There are clearly pockets of overdevelopment risk in some select tier 1 markets. Workforce housing vacancy rates remain low, however, and are expected to remain there due to lack of development in that space.

Apartment Notes

Buyer demand remains strong in this current environemtn with little competition for higher yielding opportunities with similar risk profile.

1.635mm new households will be formed in 2019. 1.2MM units to be provided in multifamily space. The focus wil be on the Class A space and will meet that demand but not workforce housing. 50% of supply is in top 10 metros so most production is concentrated. There actually is supply reduction in many B&C workforce markets as those class of properties are taken down/redeveloped. This will lead to pressure on rents - stay away from locations where rent control can be expanded/implemented. Look at State of California as potential canary in the coal mine. Of course don't understand that rent control does not lead to any more supply. In US, Class C vacancy went from 7% to upper 3%. Working class families are earning more as they often now have 2 wage earners so can pay more rent - apartments should provide more services, improve those properties.

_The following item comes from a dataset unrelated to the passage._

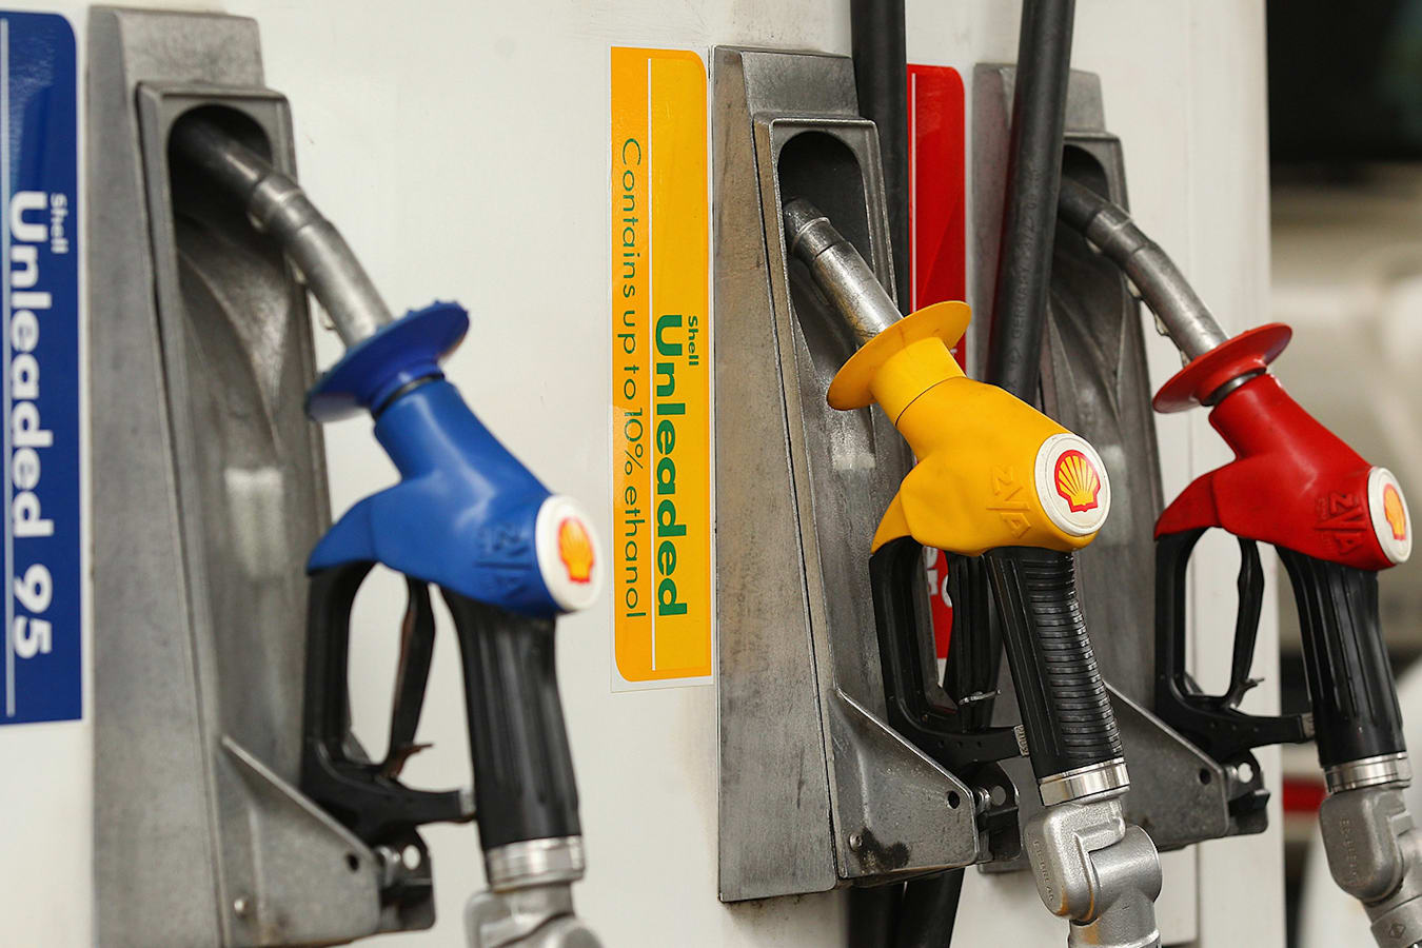 Fuel Nozze Jpg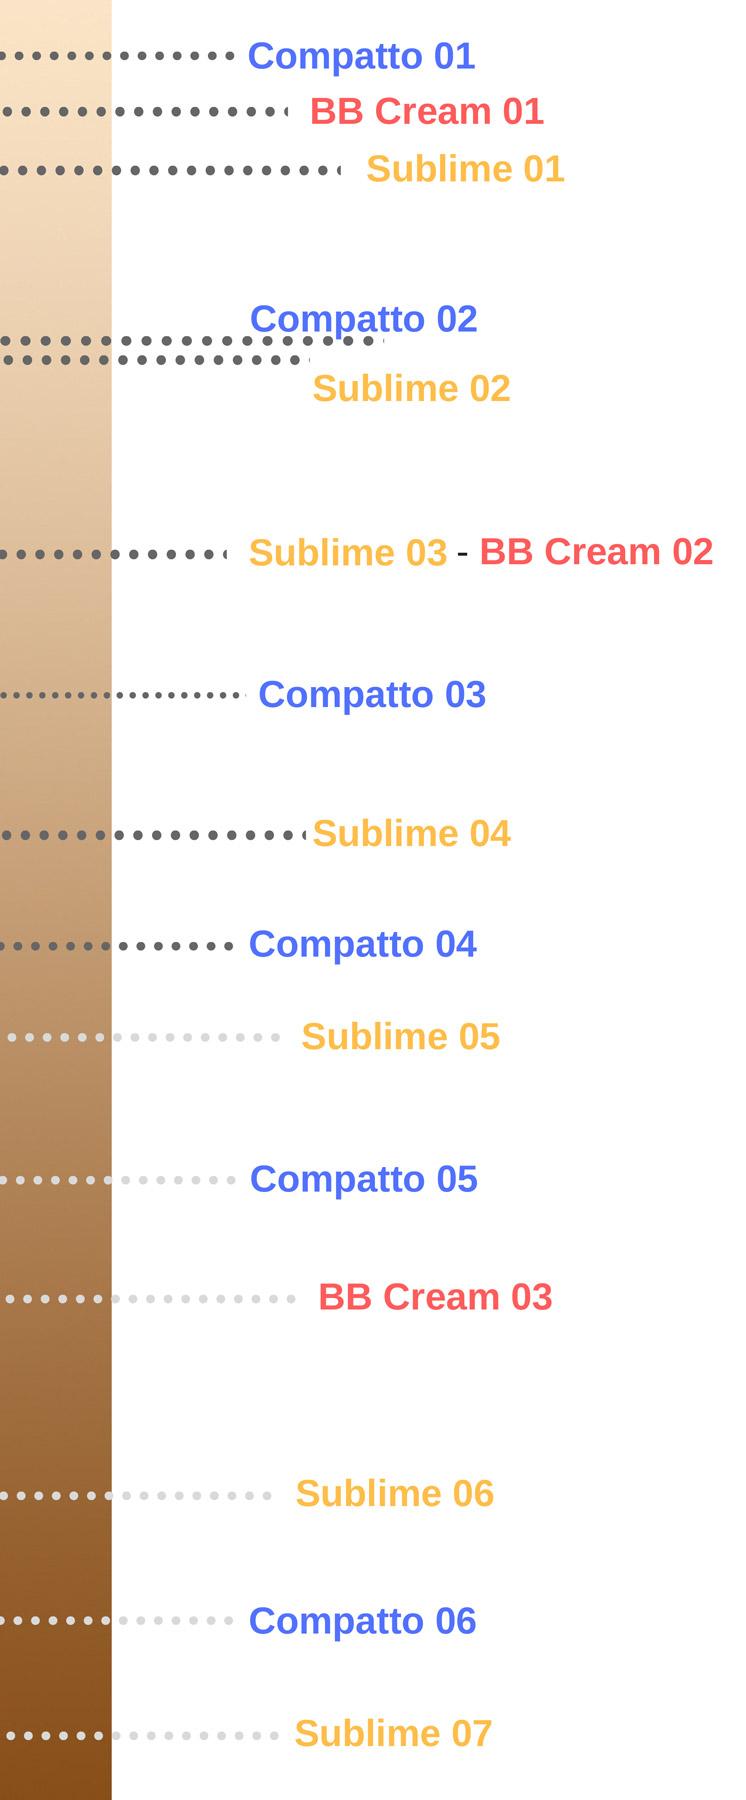 Fondotinta PuroBIO Cosmetics tonalità

Lot of investors looking into self storage and triple net lease products if can’t find decent priced multifamily. Or move to tier 2 and 3 cities away from coasts to get higher cap rate.

Inverted yield curve is not indicative of recession in this case due to strength of economy, jobs, etc and inversion or close to it is being driven by trade issues not fundamental US economy. An all out trade war might lead to inflation but Trump doesn’t want that with election looming. 10 year is already headed higher - once again, the markets are looking for good news.

CRE spreads are at fairly wide levels when compared to historical. Look at cash flow and ROE when compared to alternatives and CRE is very attractive. Apartments are lowest yield due to lower risks when compared to Retail, Industrial, Office, Hospitality etc. Multifamily risk is much less than those other CRE sectors .

Distress housing / poor multifamily market conditions are unlikely due to sound underwriting; low interest rates = an opportunity; diversify across markets and sector/property types; timing the market is not a winning formula and never works - instead have solid strategy; Strong buyer demand for re-positioned assets.